The following Escherichia coli strains were used: DH5 (Hanahan, 1983) for cloning procedures, BL21 (DE3) for protein overexpression, and JM109 (Yanisch-Perron et al., 1985) and BTH101 (adenylate-cyclase deficient) for a bacterial two-hybrid system (BACTH; Karimova et al., 1998, 2000). The host Saccharomyces cerevisiae strains for the yeast two-hybrid systems were EGY48 (for the LexA-based system; Golemis & Serebriiskii, 2001) and cdc25H (for the Cytotrap system; Stratagene). Yeast growth media and conditions were as described elsewhere (Ausubel et al., 1988). M. xanthus strain DK1050 (Ruiz-Vázquez & Murillo, 1984) was the wild-type strain used in this study. The M. xanthus carF2 deletion mutant MR992 (Fontes et al., 2003) was also used. The rich casitone-tris (CTT) medium and the exact culture conditions for growth of M. xanthus in the dark and in the light have been described previously (Bretscher & Kaiser, 1978; Fontes et al., 1993).

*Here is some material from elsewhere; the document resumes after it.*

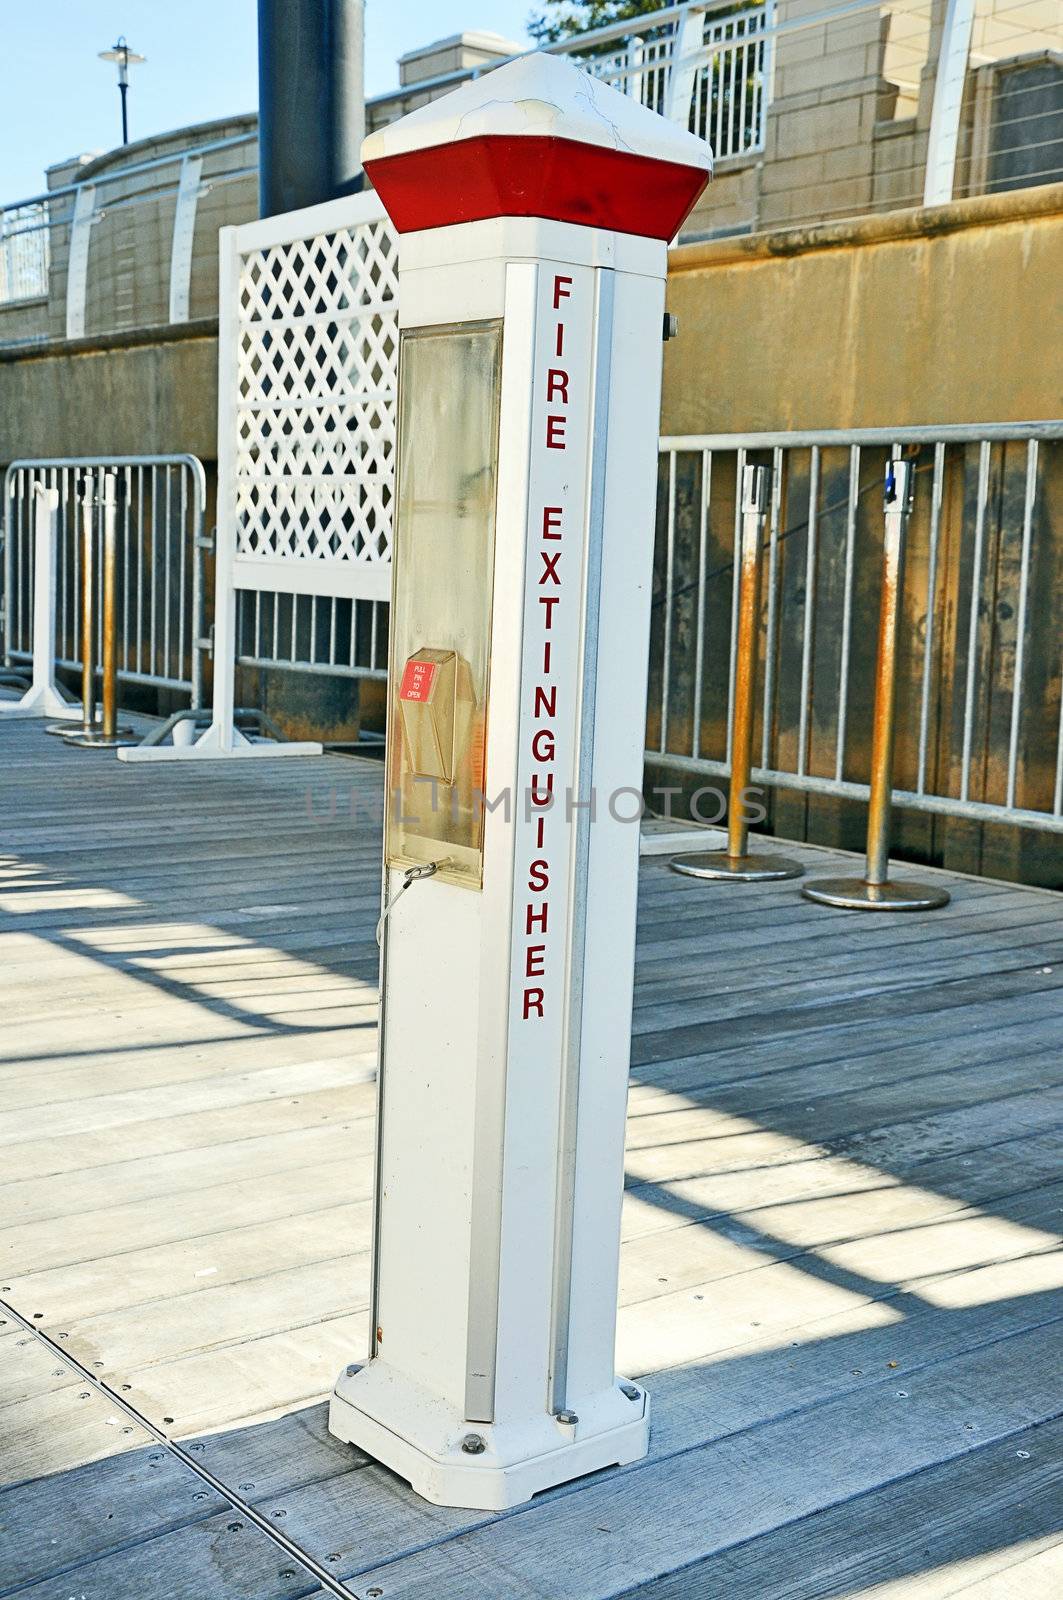 Fire extinguisher on boat dock.

Nucleic acid manipulations.
Standard protocols were followed for DNA manipulation (Sambrook & Russell, 2001). For DNA amplification (PCR) three different systems were used, depending on the aim of the experiment. For amplification of short DNA fragments, Pfu high-fidelity DNA polymerase (Promega) was employed. For diagnostic PCR (i.e. in the analysis of strains carrying deleted versions of carF), the Amersham Ready To Go PCR kit was used. For inverse PCR (i.e. in the generation of the Ser86–Ser139 internal deletion of CarF), the Roche Long Template High-Fidelity PCR system was used. Reaction mixtures were supplemented with 5 % (v/v) DMSO to overcome PCR difficulties due to the high G+C content of the template DNA. Each PCR-derived clone was verified by sequencing.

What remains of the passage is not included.